■ GIVEN DATA ■
BEGIN

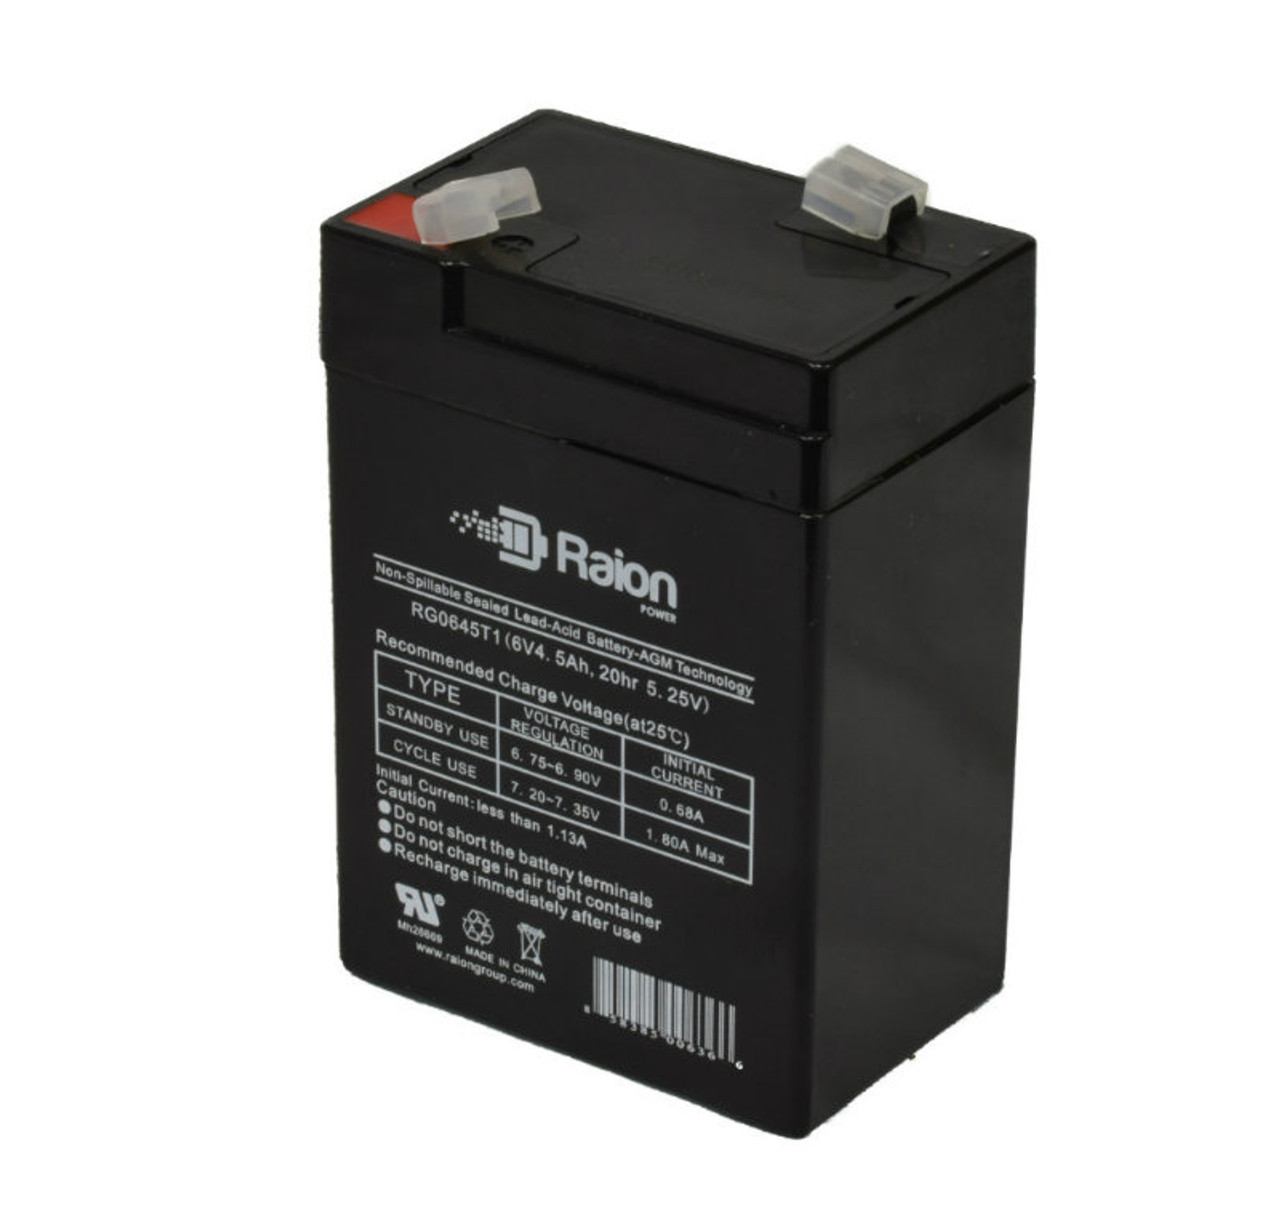 Raion Power RG0645T1 6V 4.5Ah Replacement Battery Cartridge for SunStone Power SPT6-4.5
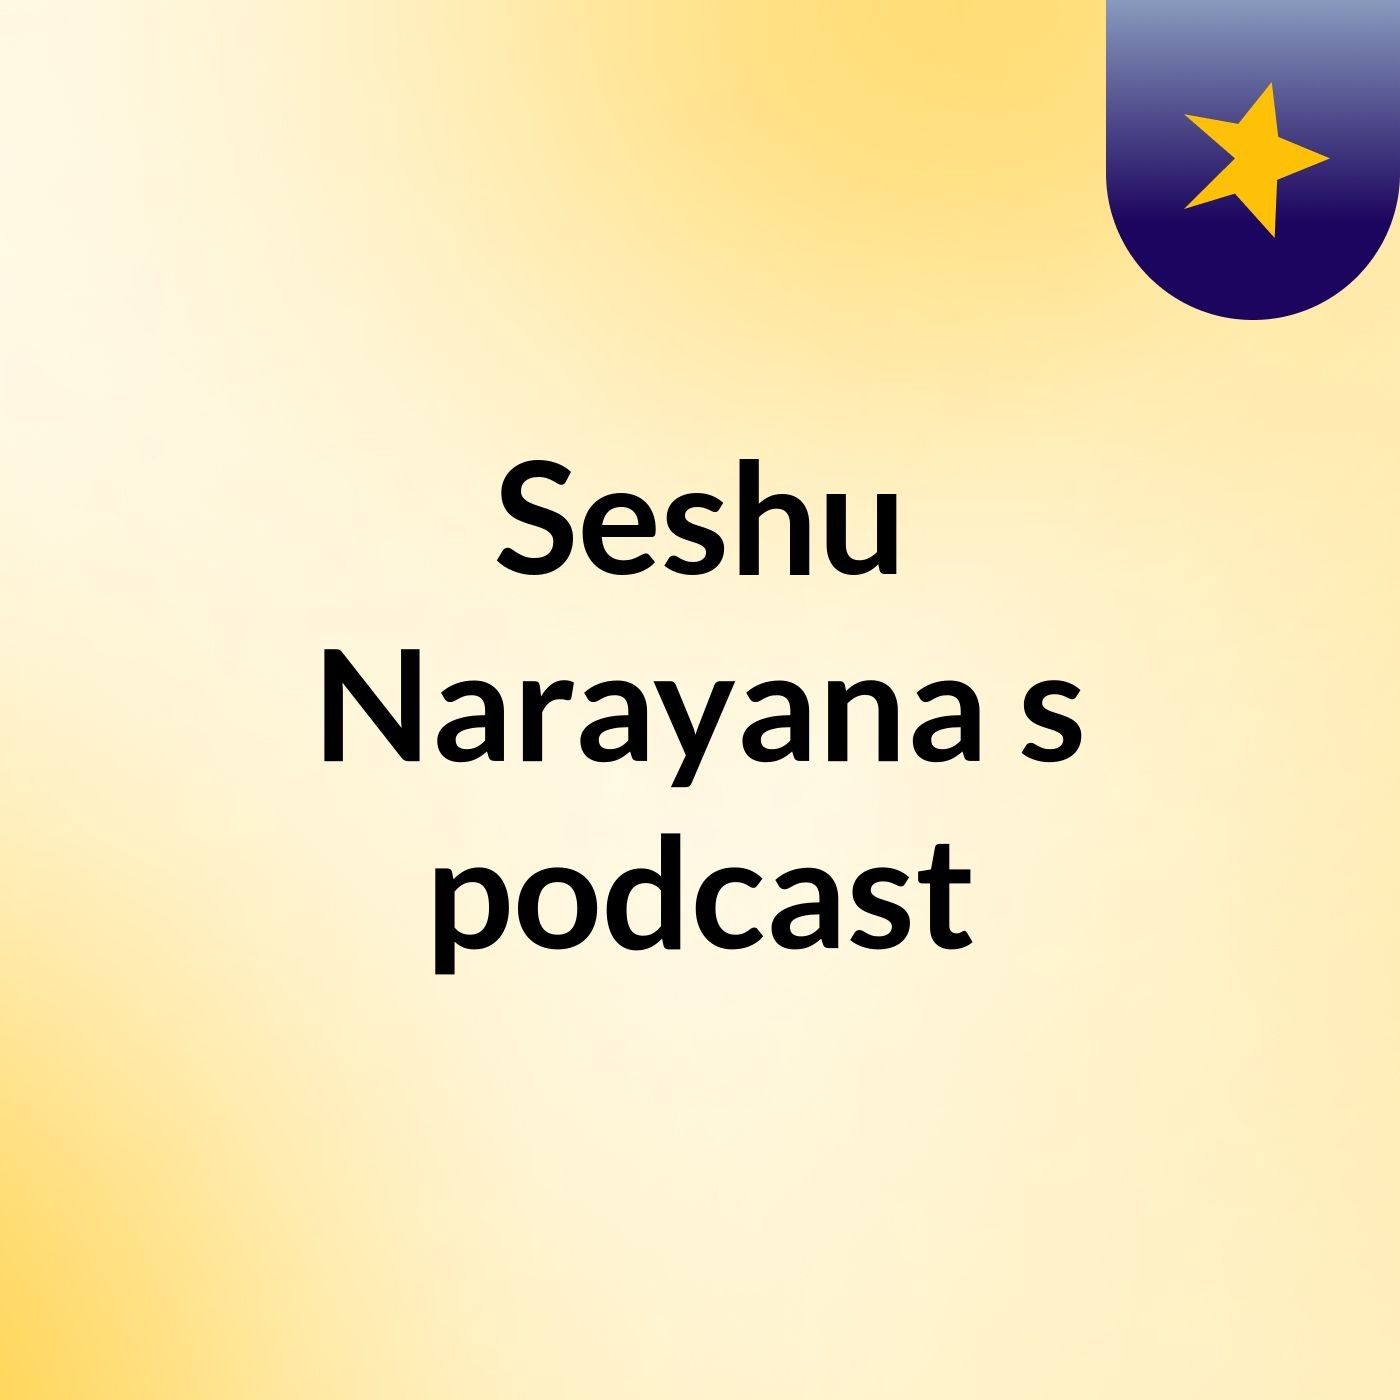 Episode 3 - Seshu Narayana's podcast
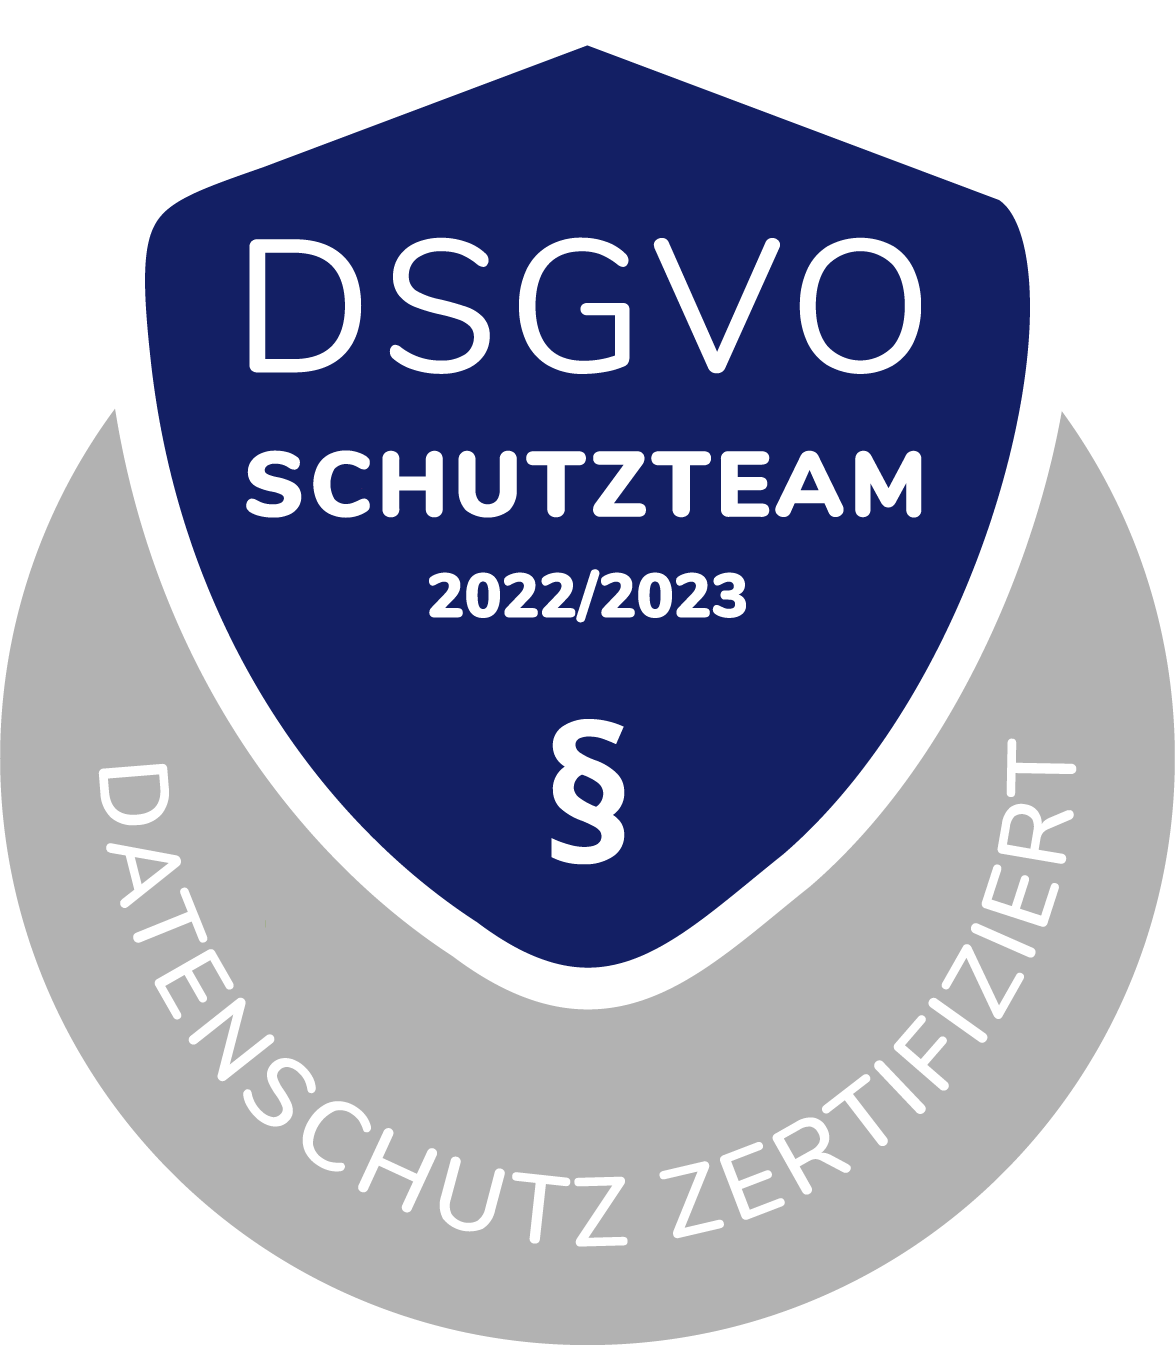 Datenschutz Zertifi kat - DSGVO Schutzteam - www.dsgvoschutzteam.com

END

■ WHAT THIS TASK INVOLVES ■
Copy out the listing word for word and skip its pictures.

■ ANSWER TO THIS TASK ■
 Raion Power RG0645T1 6V 4.5Ah Replacement Battery Cartridge for SunStone Power SPT6-4.5
 Episode 3 - Seshu Narayana's podcast
 Datenschutz Zertifi kat - DSGVO Schutzteam - www.dsgvoschutzteam.com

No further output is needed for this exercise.